Nine million people worldwide died prematurely from pollution in 2019. Polluted outdoor air is the biggest contributor, causing about 4.5 million premature deaths, according to a new report in The Lancet Planetary Heath. This means that air pollution is more deadly than drug and alcohol abuse, malnutrition or diseases such as AIDS, tuberculosis and malaria.
Deaths from polluted outdoor air have increased since 2015, while remaining at the same level for overall pollution. Environmental impacts counted include polluted water, toxic lead, and indoor air pollution from burning wood and other solid fuels.
“The health impacts of pollution remain enormous, and low- and middle-income countries bear the greatest burden,” said lead author Richard Fuller of the Geneva-based Global Alliance on Health and Pollution. “Despite the massive health, social and economic consequences, the international development agenda neglects the prevention of environmental pollution.”
For their study, the researchers analyzed data from the Lancet study “Global Burden of Disease” (GBD) from 2019 – one of the largest studies on health in the world population.
The scientists looked at six countries or regions of the world. In China, India and Nigeria, pollution, including particulate matter, claimed more lives in 2019 and cost about 1 percent of their total economic output. That’s more deaths and higher costs than in 2000, the analysis shows.
Barbara Hoffmann, environmental epidemiologist at Heinrich Heine University Düsseldorf, does not find the results surprising: “The economy in China, India and Nigeria has grown since 2015 – this means more energy consumption and therefore more polluted air from the burning of coal and oil or gas.”
In addition, there would be significantly more exhaust gases from industry or from the exhaust of diesel or petrol engines in road traffic. “Because countries have not implemented sufficient measures to reduce emissions, the burden of disease in their populations has also increased, resulting in more deaths,” she says.
According to the report, however, the situation is better in the USA, Ethiopia and 15 European countries, including Germany: Fewer people fell victim to a polluted environment or fine dust than in 2000.
According to Hoffmann, however, this is no reason to sit back: “In Europe, 400,000 people still die prematurely every year because of polluted air – and then we have millions more cases of illness in the form of asthma, pneumonia, heart attacks or strokes.”
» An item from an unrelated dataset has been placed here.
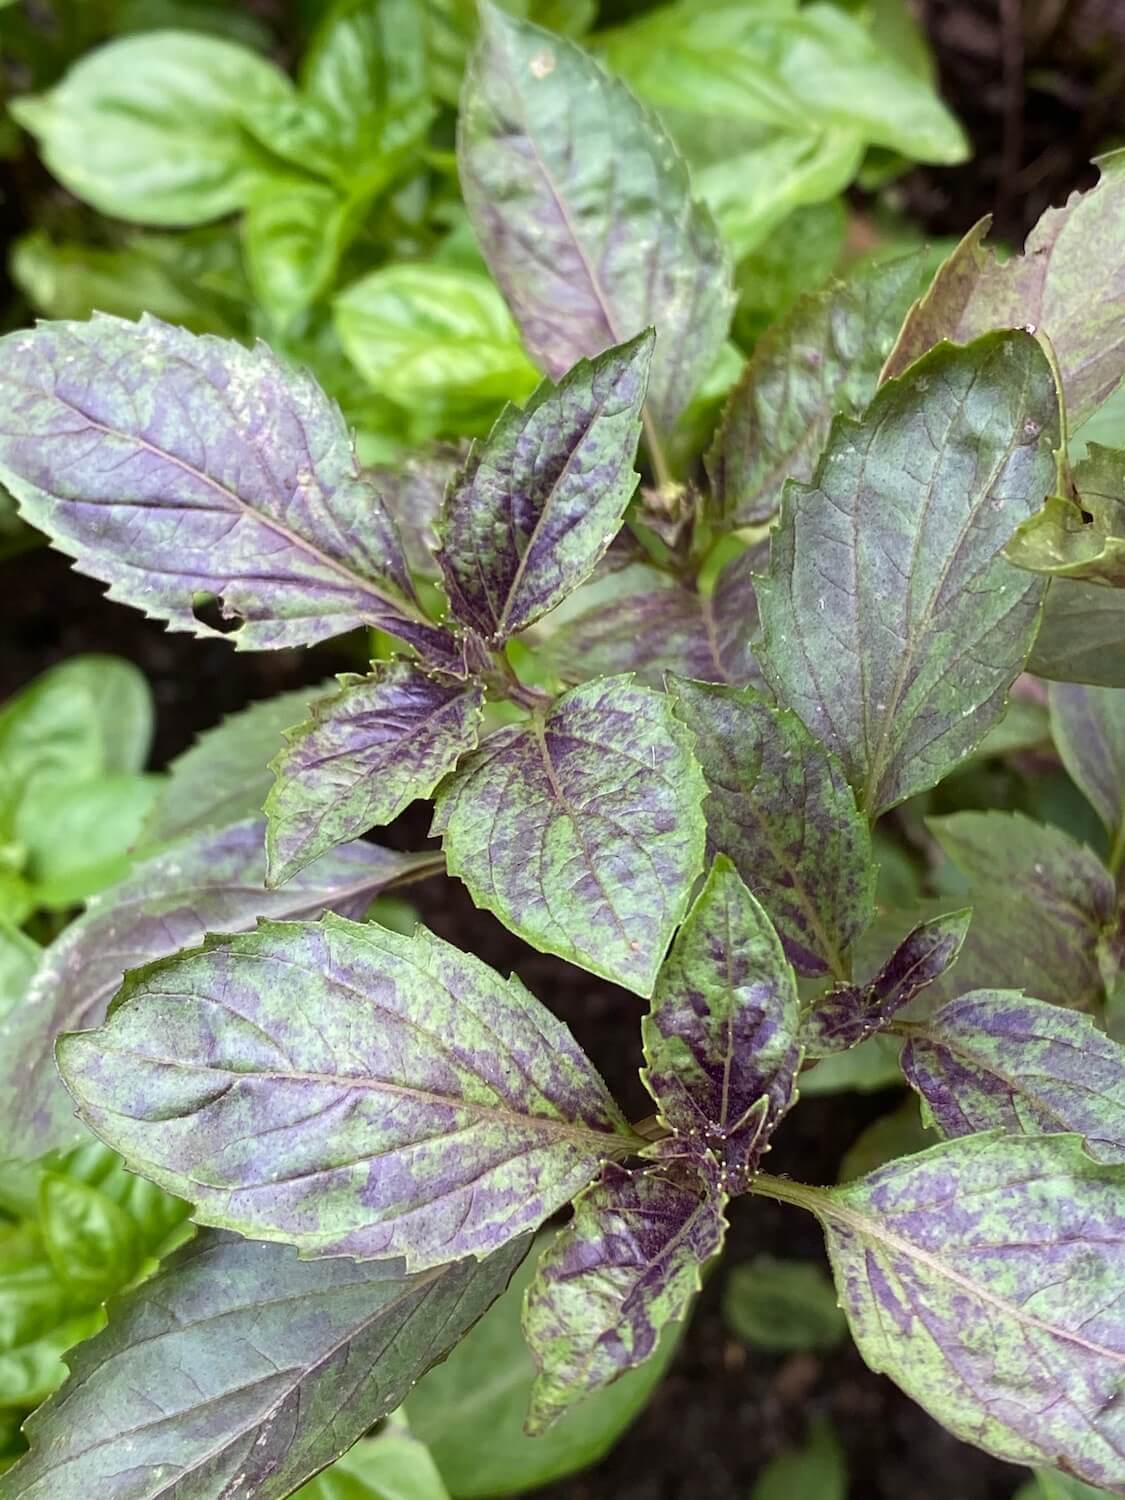 Variagated basil leaves pop up with a blend of purple and green leaves and waxy dark green leaves of a different variety of basil out of focus in the background.  This photo was taken in a Seattle P-Patch garden.

This is still an enormous burden for health systems and society. “Many people, including in Germany, still mistakenly consider polluted air to be a luxury problem. The European Union must now take countermeasures and adopt stricter limits for air quality based on the guidelines of the World Health Organization.”
Hoffmann, an environmental doctor, worked on these guidelines as an expert. They include pollutants such as particulate matter, nitrogen oxides and sulfur oxides. If these stricter and scientifically reliable guide values also applied in the EU and thus in Germany, they would be exceeded at almost all measuring stations, as far as fine dust with a particle size of up to 2.5 micrometers is concerned. So far, limit values have been in force in the EU and Germany that are far above the scientifically reliable guideline values.
The authors of the Lancet report call for a “World Pollution Council” due to the lack of progress in the global fight against pollution. Based on the model of the Intergovernmental Panel on Climate Change, this is intended to compile scientific findings and show governments how polluted air or contaminated water can be prevented in the long term.
The authors place great hopes in the fight against polluted air in the expansion of renewable energies: “A decisive and rapid transition to wind and solar energy will reduce air pollution and at the same time slow down climate change,” says the current study.
The fact that China and India suffer particularly from polluted air also has something in common: Both countries operate the most coal-fired power plants in the world, led by China with more than 1000 plants and India in second place with almost 300 plants. The exhaust gases from the combustion of the coal massively pollute the air in the countries.
According to epidemiologist Barbara Hoffmann, for governments to be able to combat environmental pollution effectively in the future, responsibilities would also have to change. Environment ministries are often responsible for polluted air, which are often less well equipped and less powerful than health, transport or economic ministries.
“We can improve our health if we change our behavior and eat better or exercise more,” she says. “But in order to combat air pollution and its associated diseases, conditions and living conditions must change, above all through better environmental laws.”